People don't read comments as answer. Please update answer!
J
Jonathon

If you need to support other languages, instead of the typical A-Z, you can use the following:

preg_replace('/[^\p{L}\p{N} ]+/', '', $string);

[^\p{L}\p{N} ] defines a negated (It will match a character that is not defined) character class of: \p{L}: a letter from any language. \p{N}: a numeric character in any script. : a space character.

\p{L}: a letter from any language.

\p{N}: a numeric character in any script.

: a space character.

+ greedily matches the character class between 1 and unlimited times.

This will preserve letters and numbers from other languages and scripts as well as A-Z:

preg_replace('/[^\p{L}\p{N} ]+/', '', 'hello-world'); // helloworld
preg_replace('/[^\p{L}\p{N} ]+/', '', 'abc@~#123-+=öäå'); // abc123öäå
preg_replace('/[^\p{L}\p{N} ]+/', '', '你好世界!@£$%^&*()'); // 你好世界

Note: This is a very old, but still relevant question. I am answering purely to provide supplementary information that may be useful to future visitors.

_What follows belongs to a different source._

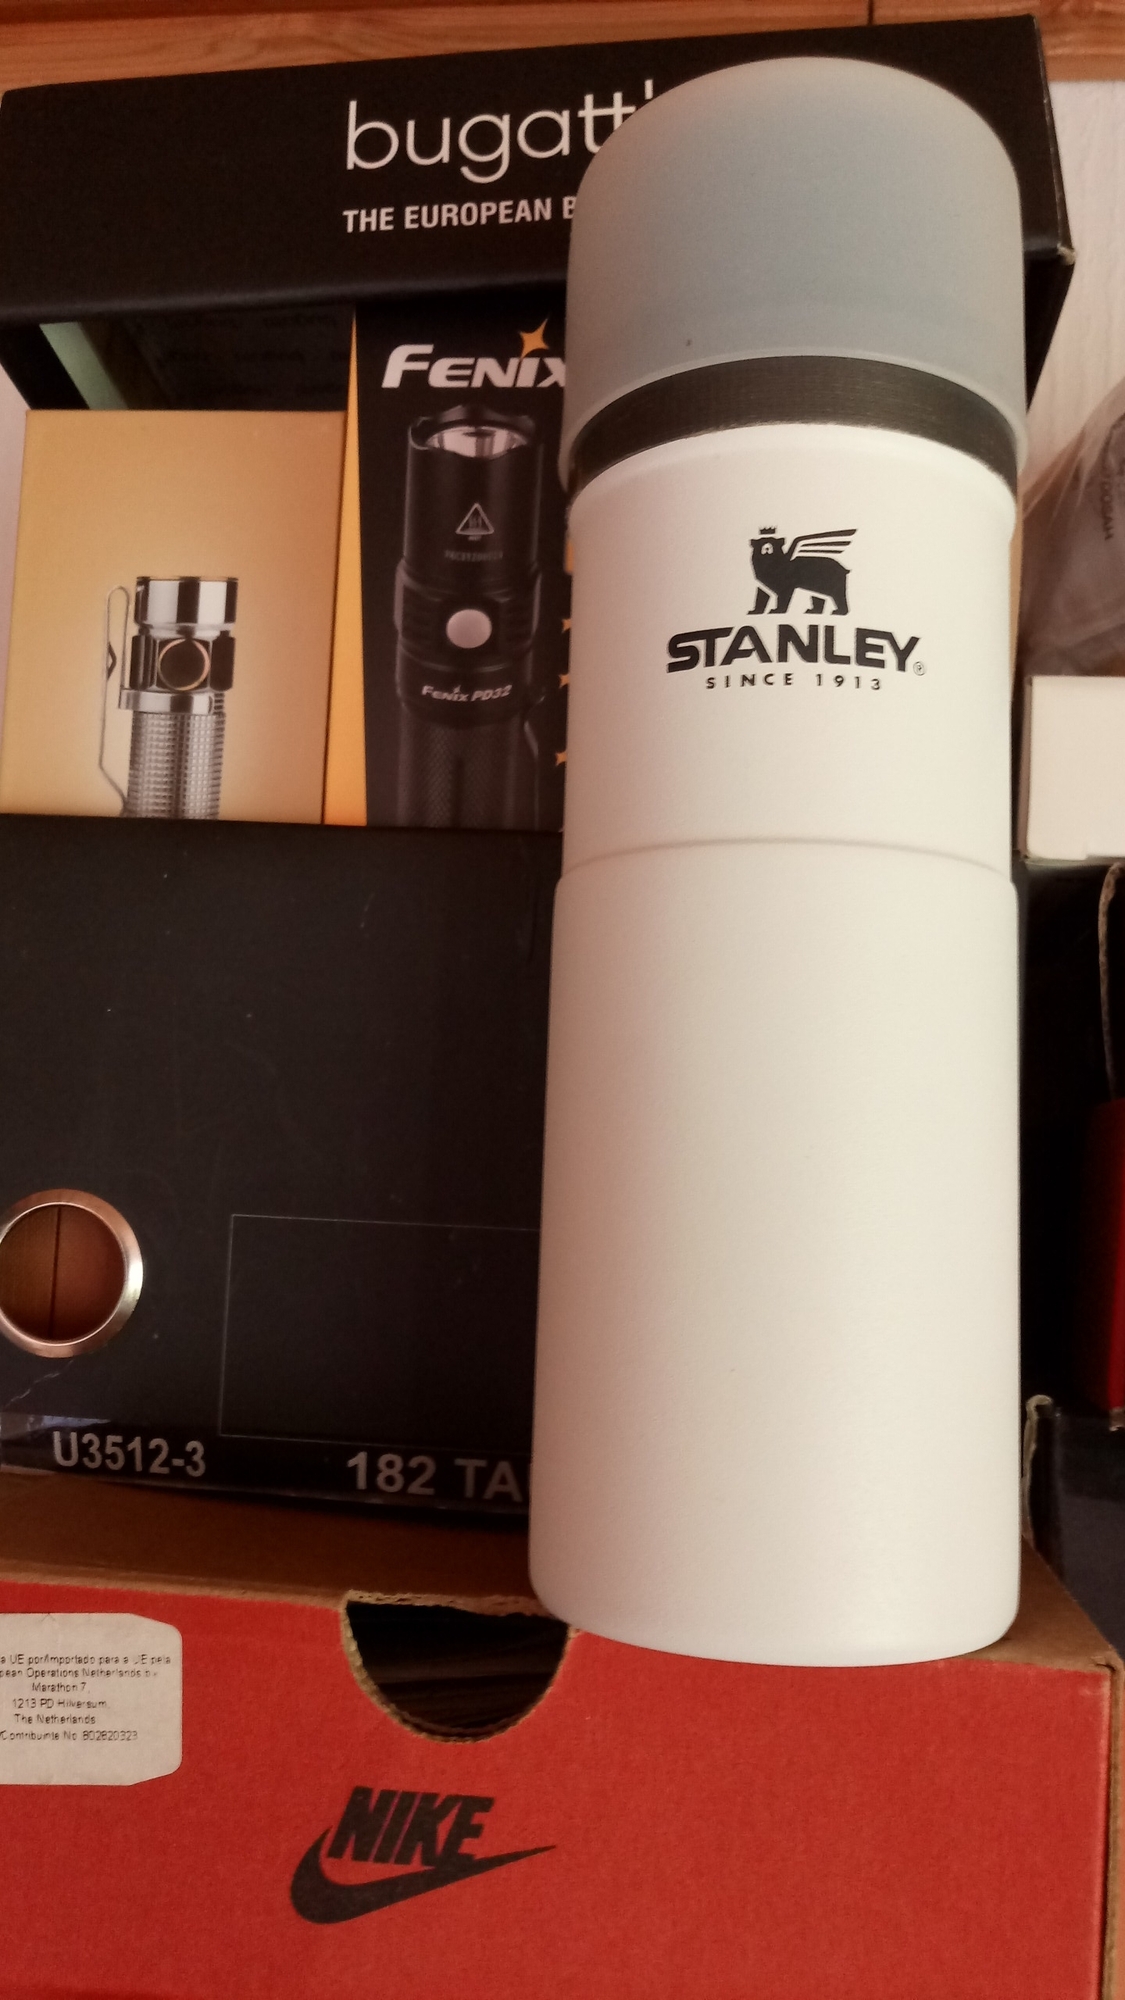 Vintage Stanley Aladdin Steel Thermos - general for sale - by

Works for me if I add unicode u flag at the end of the regex -- /[^\p{L}\p{N} ]+/u
s
scrollup

here's a really simple regex for that:

\W|_

and used as you need it (with a forward / slash delimiter).

preg_replace("/\W|_/", '', $string);

Test it here with this great tool that explains what the regex is doing:

http://www.regexr.com/


You still need the /u flag otherwise non-ascii letters are also removed.
Neat but would also match spaces and if this is wanted, probably could double the performance by use of a character class and additional quantifier for one or more [\W_]+
I
Intacto
[\W_]+

$string = preg_replace("/[\W_]+/u", '', $string);

It select all not A-Z, a-z, 0-9 and delete it.

See example here: https://regexr.com/3h1rj


what does this regex /[\W_]+/u means ?
\W is the inverse of \w which are characters A-Za-z0-9_. So \W will match any character that is not A-Za-z0-9_ and remove them. The [] is a character set boundary. The+ is redundant on a character set boundary but normally means 1 or more character. The u flag expands the expression to include unicode character support, meaning it will not remove characters beyond character code 255 such as ª²³µ . Example of various usages 3v4l.org/hSVV5 with unicode and ascii characters.
P
PASTAGA
preg_replace("/\W+/", '', $string)

You can test it here : http://regexr.com/


Per @Alex Stevens answer, this doesn't catch underscores "_".